The Question 1 (Q1) is important because authors found only a few relevant papers that used “neuro-symbolic hybrid systems applying to Industry 4.0”.

  • Q2: What challenges in the Industry 4.0 context can be addressed through the application of NSHS? Fault diagnosis, prediction, detect unnatural behaviors are some of the principal challenges in Industry that researchers are working during last years to solve through neuro-symbolic approaches, neural rules, neural networks or hybrid systems. Some of their results are described in [1, 40, 48, 49, 54,55,56, 59, 73,74,75].

  • Q3: What predictive models with sensor network data have been designed from the integration of NSHS? In this research, authors have identified some relevant papers with predictive model but using hybrid systems such as:

    • Karelovic et al. (2015) present a framework for modeling and representation of hybrid systems, and the design and development of hybrid predictive controllers [48].

    • Kim et al. (2017) develop a hybrid expert system to failure diagnosis and prediction for an automatic preventive maintenance system [74].

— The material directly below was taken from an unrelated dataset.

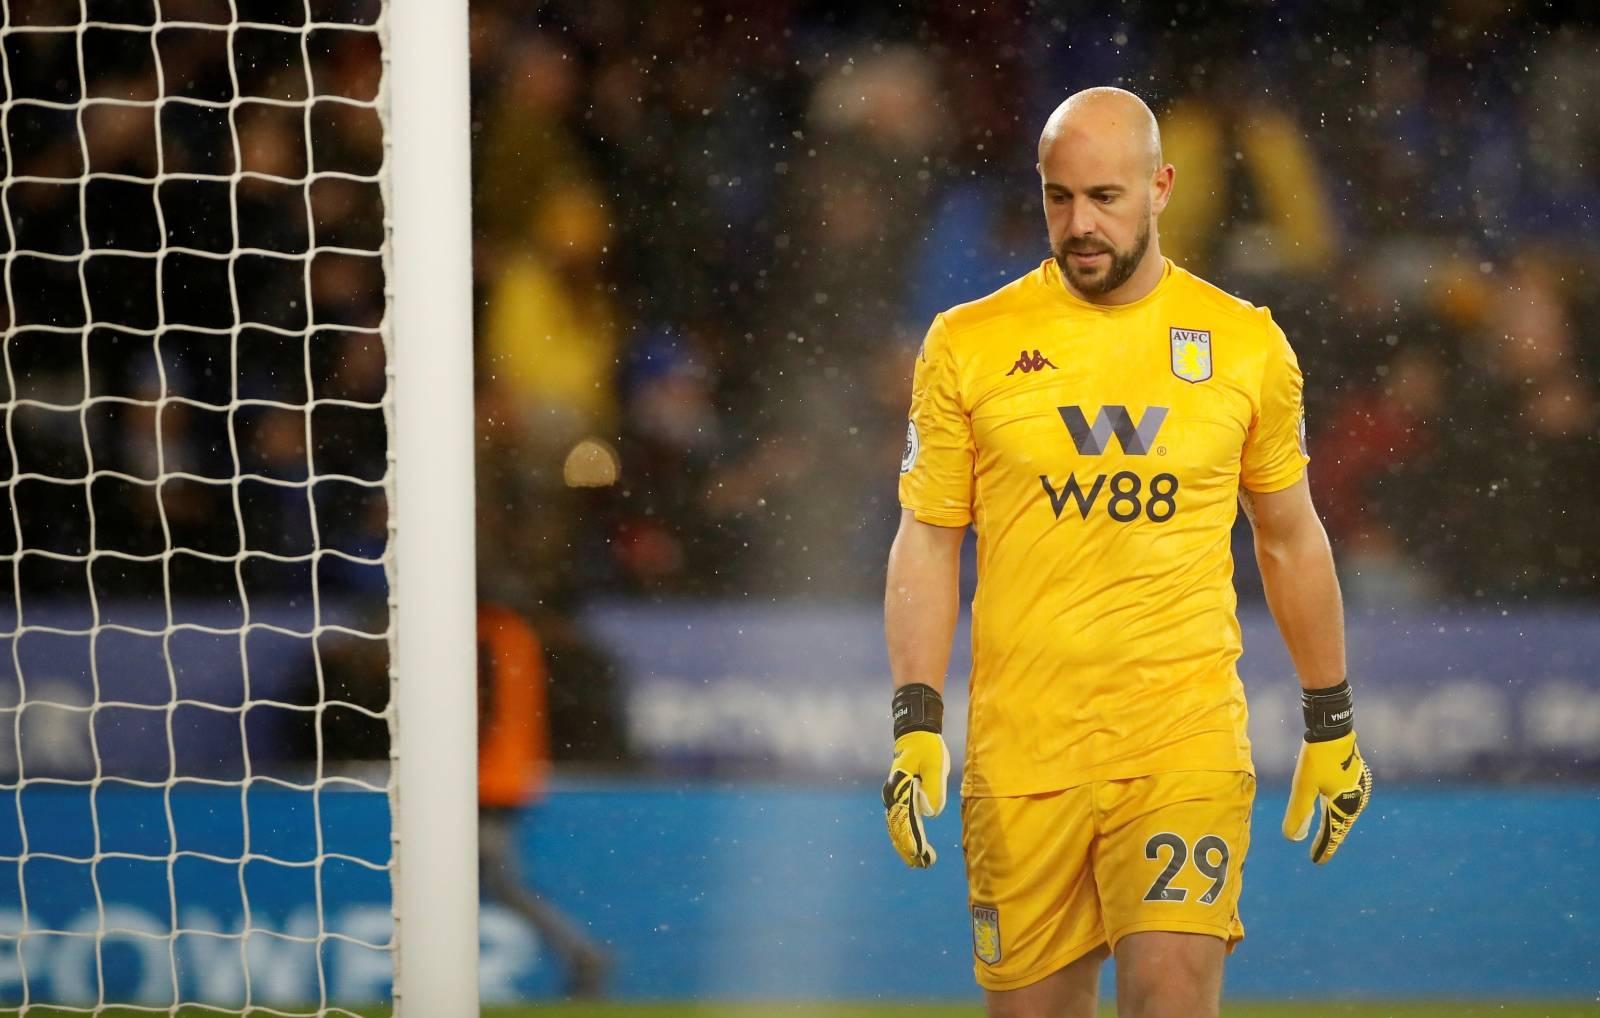 Premier League - Leicester City v Aston Villa

  • Q4: To which environments have the prediction models found been applied? The prediction models found have been applied on: (i) mineral processing [48] (ii) steelworks industry [74]; and (iii) plaster production industry [1]. This means that the design of prediction models through the use of hybrid systems is an optimal area for the development of future research.

5 Conclusions

Neuro-symbolic hybrid system are not a new concept, since 90’s decade, the researches in this field began with the objective to develop systems and build mechanisms more powerful with less efforts, necessary to generate an only intelligent system. Hybrid systems with artificial intelligence techniques such as Genetic Algorithm (GA) and Artificial Neural Networks (ANN) have been used by researchers to find solutions to complex problems. The mapping study presented in this paper had the aim to demonstrate the hybrid systems advantages to achieve important solutions in predictive models for fault diagnosis and other Industry 4.0 challenges.

From the synergy in the application of artificial intelligence approaches, symbolic systems that are based on the conjunction of fuzzy systems, neural networks, expert knowledge, genetic algorithms or automatic learning arise. These new approaches of neuro-symbolic hybrid systems have a remarkable theoretical growth and potential to solve complex industrial problems. Using neural networks, genetic programming or machine learning algorithms it is possible to generate solutions or design models with good generalist capacity in a real industrial environment. The neuro-symbolic hybrid approach has progressively taken strength and being used for the development of large and complex systems. Therefore, authors propose as future work the application and use of neuro-symbolic hybrid systems in Industry 4.0.